Recollections leaped into her mind like locusts through grass: Glava and Amhao were the daughters of an alien woman. Finding the caves fallen in, the majority of their women killed, the Tzohs had gone to seek new mates near the Green Lakes or the Blue River.
V. Flight
The canoe slid on the smooth surface of the stream which was so wide that the far shore could not be discerned. Then the island appeared, narrow and long, thickly covered with vegetation. Centuries had reared there the trunks of the black poplar-trees and sycamores. The willows were everywhere on the shore.
Before heading for the island Glava glanced long upon the plain. As no vertical shape appeared, they plied the paddles and crossed the stream to a small cove sheltered by a barren jutting headland. They alighted quickly, then hid in the bushes to wait.
Nothing revealed the presence of man. The hideous snout of a hippopotamus, the scales of a crocodile, the shell of a tortoise, the flight of a heron across the sky, then the appearance upon the beach of an elaph deer, of a rhinoceros, of an antelope, drew the women’s attention momentarily.

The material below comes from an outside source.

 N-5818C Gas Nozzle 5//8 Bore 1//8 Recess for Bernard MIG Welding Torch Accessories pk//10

Suddenly Glava started. Erect beings had appeared! Dim at first, they became more precise, and the fugitives recognized the men of their clan, among them Kazhm’s well known bull-like head.
“Women!” Amhao exclaimed.
The women followed the first detachment of warriors. Of an alien breed, their faces lighter than those of the Tzohs, their hair in some cases the hue of leaves in the autumn, they resembled Glava.

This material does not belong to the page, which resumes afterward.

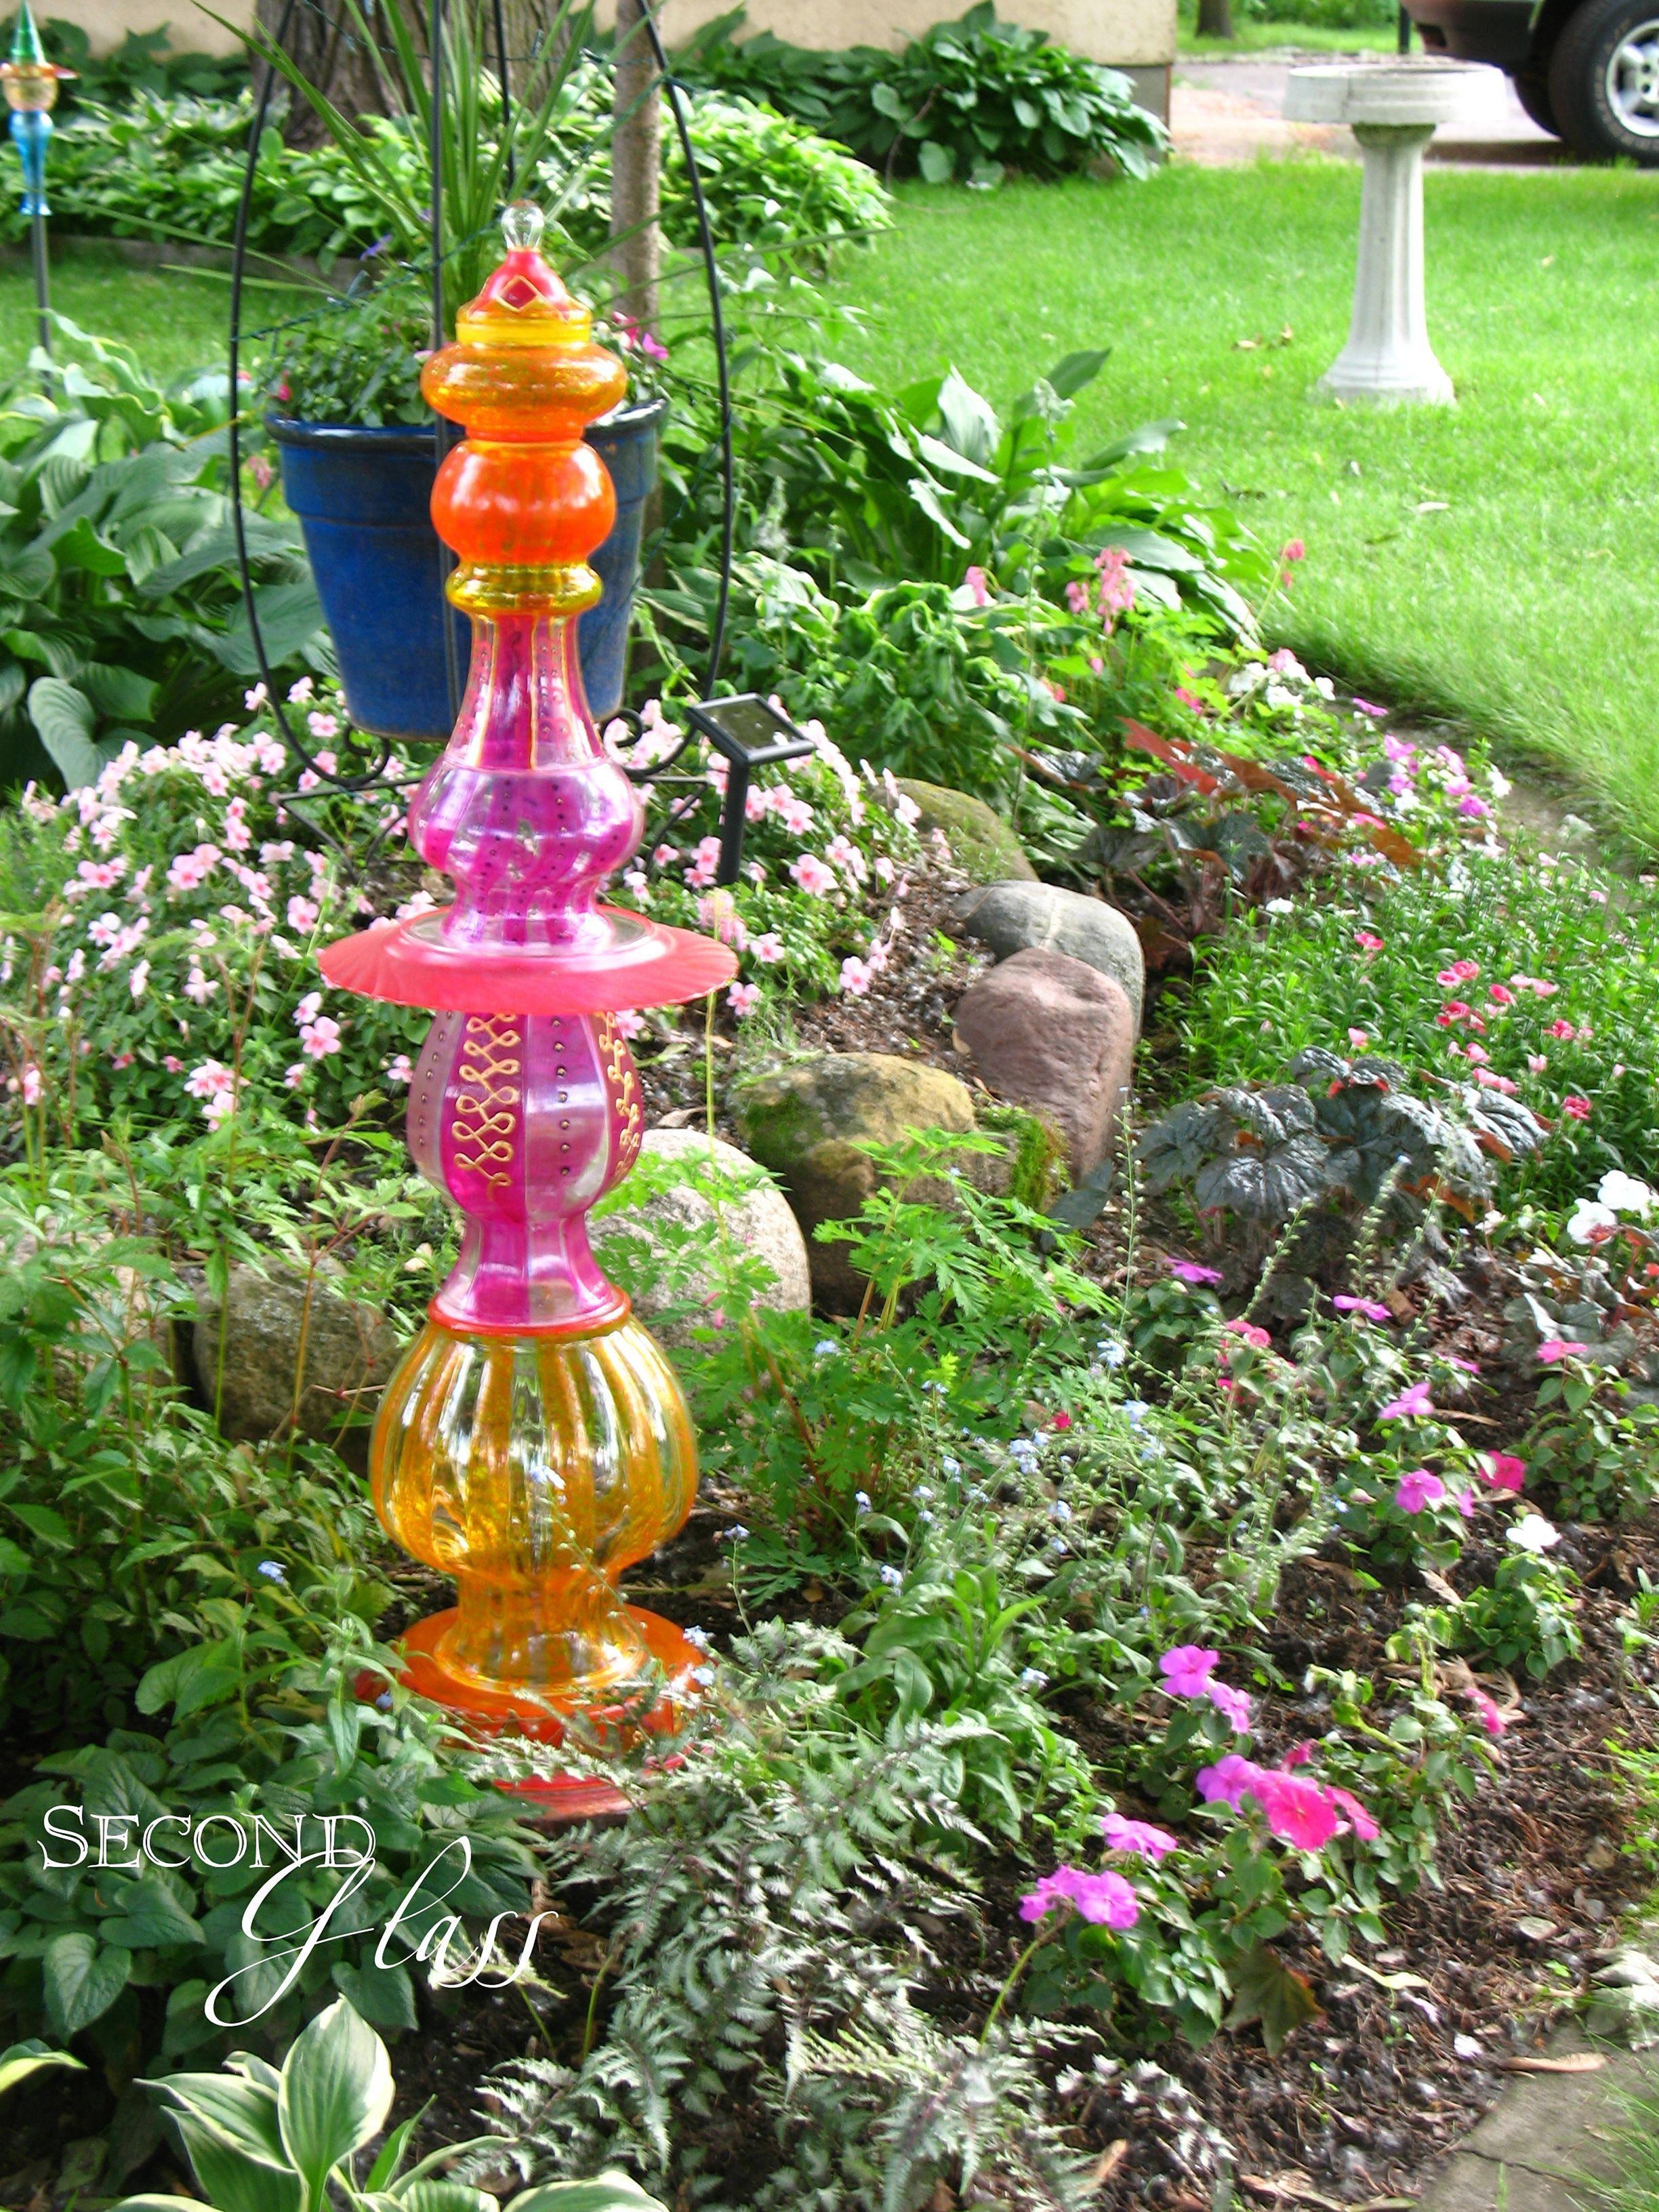 Genial ... Glass Yard Art Design Ideas For Your Garden Decor  Https://decorathing.com/garden Ideas/easy 25 Diy Glass Yard  Art Design Ideas For Your Garden Decor/

“They come from the Green Lakes or the Blue River!” said the daughter of Wokr, “and are to replace those whom the Mountain has killed.”
Obscure jealousy palpitated in Amhao’s flesh while, because they looked like her, Glava felt pity for the captives, especially for those who belonged to the chief who smelled like a jackal. Amhao’s face grew pale again for she saw with the rear guard the warriors who had frightened her: Ouaro, Tohr and the others. They closed in on the main body.
The chief called a halt, and questioned them. At intervals they scanned the river and their glances lingered on the island. At length Kzahm, son of the Black Boar, gave orders, and those who bore the canoes went to the shore and launched them. Two craft came toward the island.
“The Tzohs are on our trail!” Amhao moaned.
“No! They want to explore the island, perhaps camp.”
“We must flee!”
The servile soul of the woman quivered within Amhao as she recalled convulsively the Law of the Rock and the vengeance of the Hidden Lives.
Glava hesitated. The island was vast, there were numerous hiding places, but the scent of the Tzohs was to be feared. The slightest indication would betray the fugitives. In particular, the canoe moored in the cove would at once reveal not only the presence of human beings but the identity of the two who had defied the might of the Hidden Lives.
“Amhao and Glava will flee!” she said.
The cove, behind the headland, was invisible to the new arrivals. Followed by her elder Glava crept to the canoe, cast off quickly, and slid alongside the shore of the island under the tall white willows. Had the Tzohs landed on the southern end they would have seen the fugitives. But they reached the central part where the island was considerably wider and where vision was screened by thick vegetation.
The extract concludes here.